La modification a été intégrée à Mesa 26.1 et concerne les cartes graphiques Arc Alchemist et Battlemage. Le patch avait été proposé pour la première fois en 2020, il aura donc fallu plus de cinq ans pour le voir arriver.
Ce qui change pour les joueurs Linux
L'optimisation porte sur la façon dont le pilote ANV gère le cache d'état graphique. En utilisant une combinaison de deux identifiants internes (Binding Table Pointer et Binding Table Index) au lieu d'un seul pour référencer les textures, le pilote peut supprimer certaines étapes de synchronisation qui ralentissaient le rendu.
Les développeurs d'Intel indiquent que le gain est mesurable sur tous les jeux DirectX 12 qu'ils ont testés via VKD3D-Proton, la couche de traduction utilisée par Steam pour faire tourner les jeux Windows sur Linux.
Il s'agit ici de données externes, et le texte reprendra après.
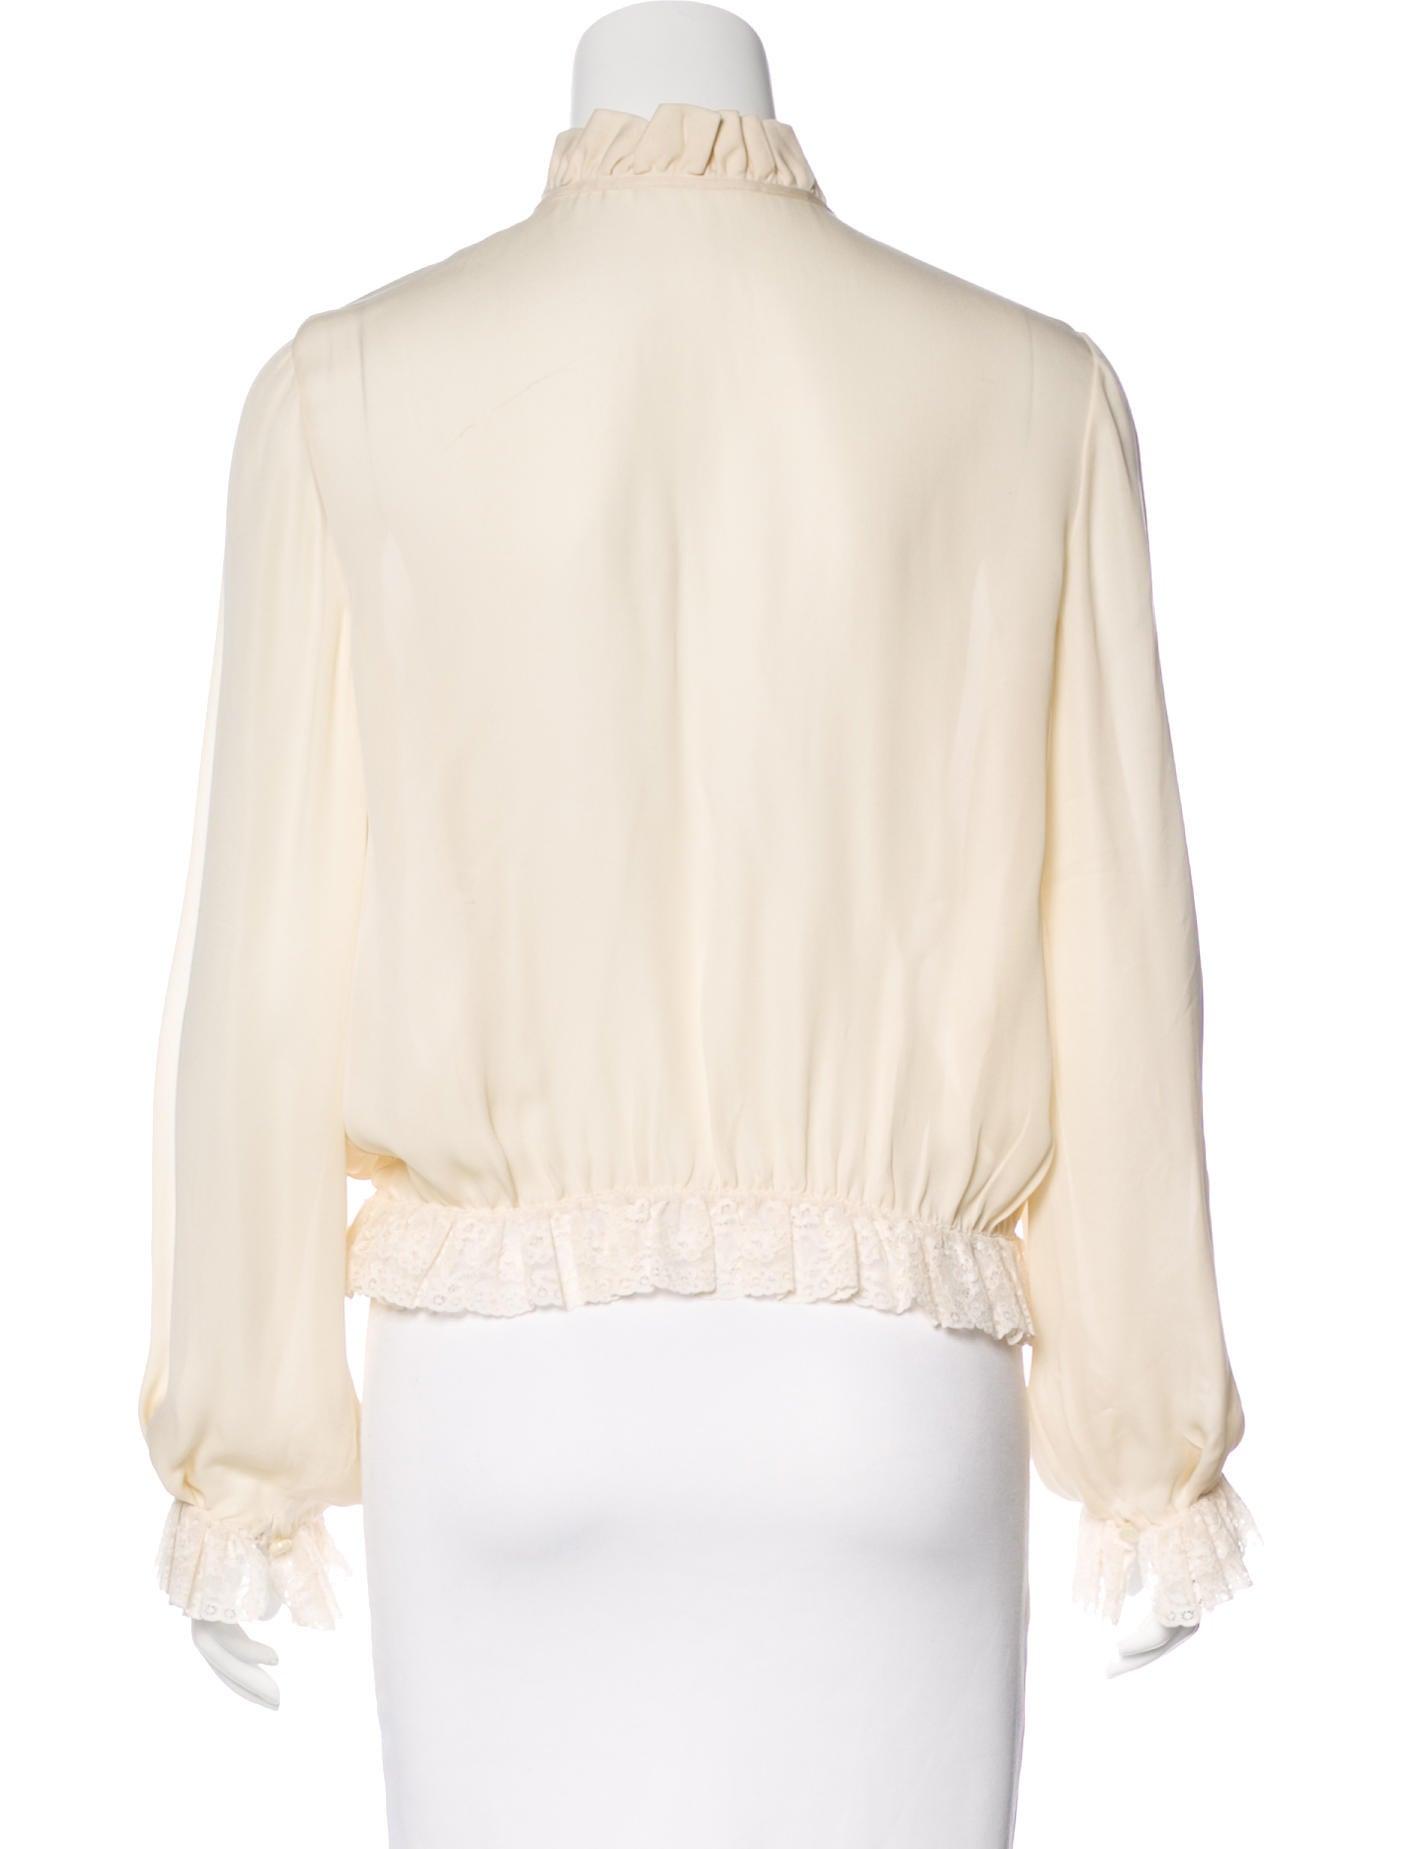 Valentino Vintage Silk Blouse - Clothing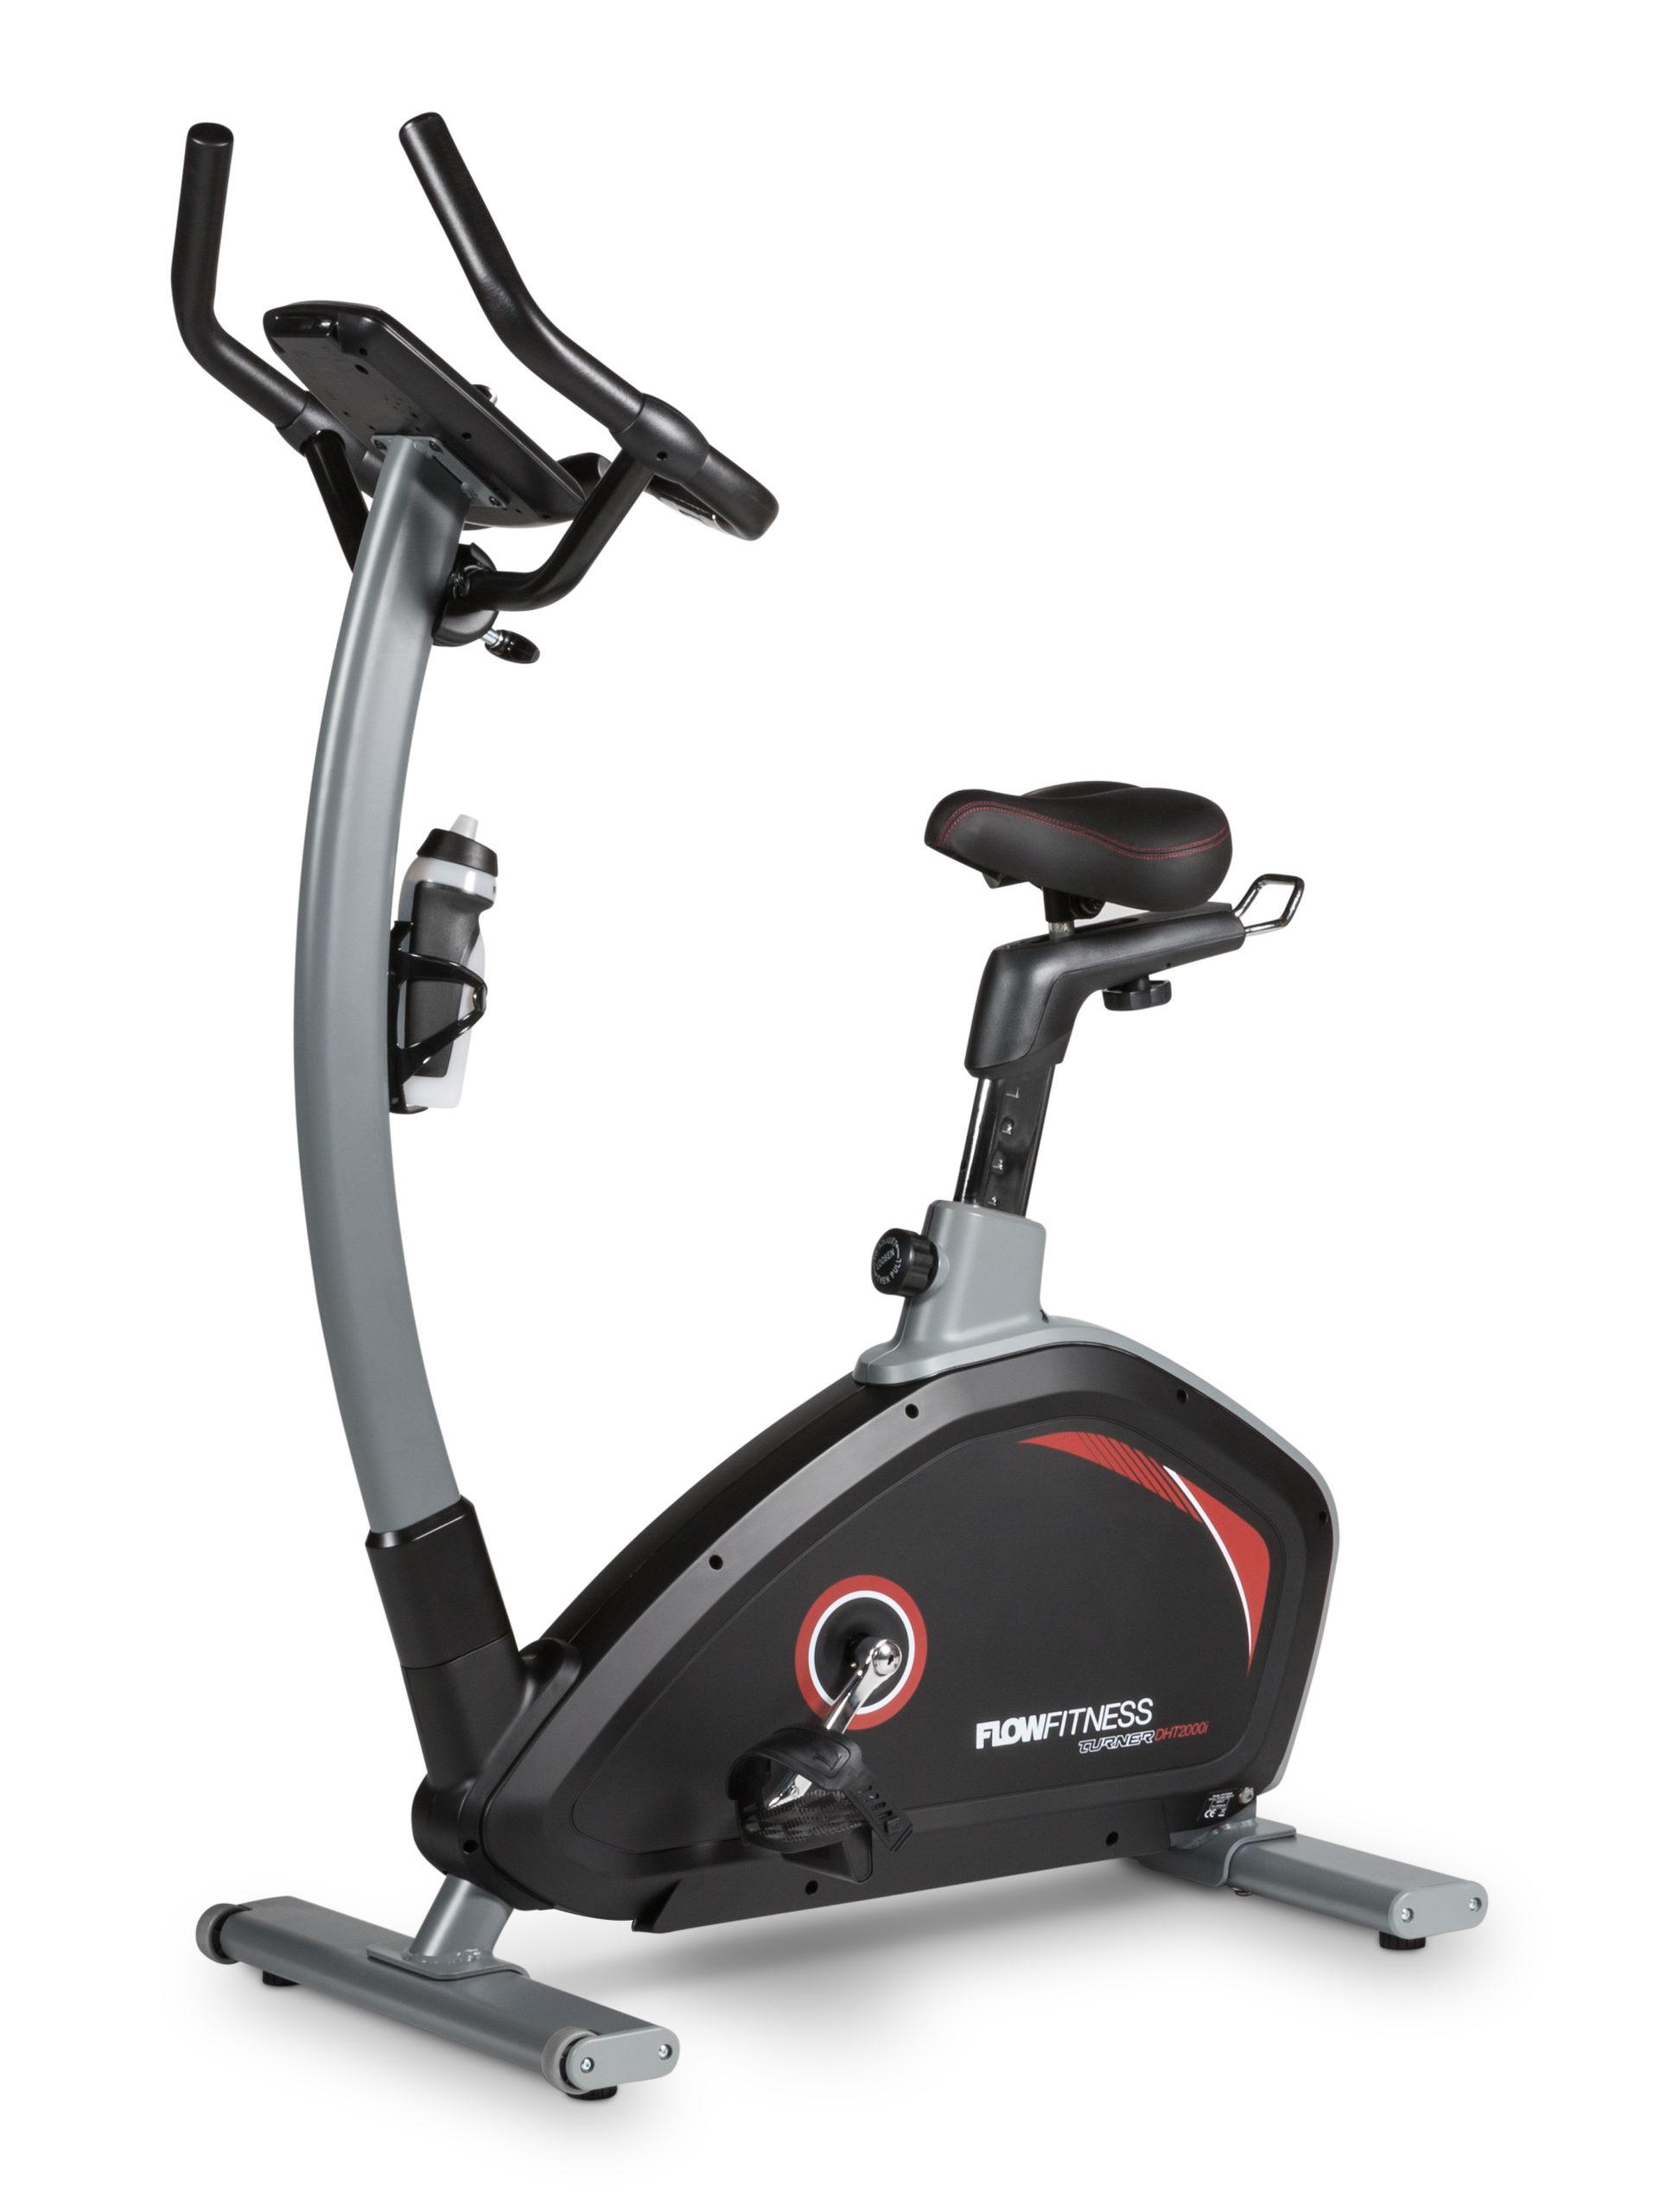 Flow Fitness Tabel Turner DHT2000i Hometrainer 12

Pas de chiffres précis dans la note technique, mais une autre modification récente du même pilote (un simple changement d'une ligne de code pour le prefetch des tables de textures) avait déjà montré des gains allant jusqu'à 3 à 4 % sur God of War et Destiny 2.
Un patch qui a mis cinq ans à arriver
L'anecdote vaut quand même le détour. Ce patch a été proposé pour la première fois en novembre 2020, et il vient d'être fusionné dans Mesa en mars 2026.
Plus de cinq ans entre la proposition et l'intégration, ce qui donne une idée du rythme de développement des pilotes graphiques open source. Le code nécessite aussi un correctif au niveau du noyau Linux (dans le pilote Xe), qui devrait arriver avec Linux 7.1.
Les GPU concernés sont les Intel Arc à partir de la génération Alchemist (Arc A770, A750, etc.) et les plus récents Battlemage (Arc B580, B570).
Quelques limites quand même
L'optimisation ne fonctionne bien qu'avec les jeux DirectX 12. Sur les titres DirectX 11, les développeurs ont constaté des baisses de performances, ce qui fait que le mécanisme est activé automatiquement pour DX12 et désactivé pour DX11. Il est aussi possible de forcer son activation ou sa désactivation via un réglage dans la configuration DRI.
C'est le genre de petite avancée qui, mise bout à bout avec les autres, finit par rendre les GPU Intel Arc de plus en plus viables sous Linux pour le jeu. Cinq ans pour un patch, c'est long, mais le résultat est là. Et puis ça montre aussi que l'approche open source d'Intel sur ses pilotes graphiques continue de porter ses fruits, même si le chemin est quand même un peu plus lent que chez NVIDIA ou AMD.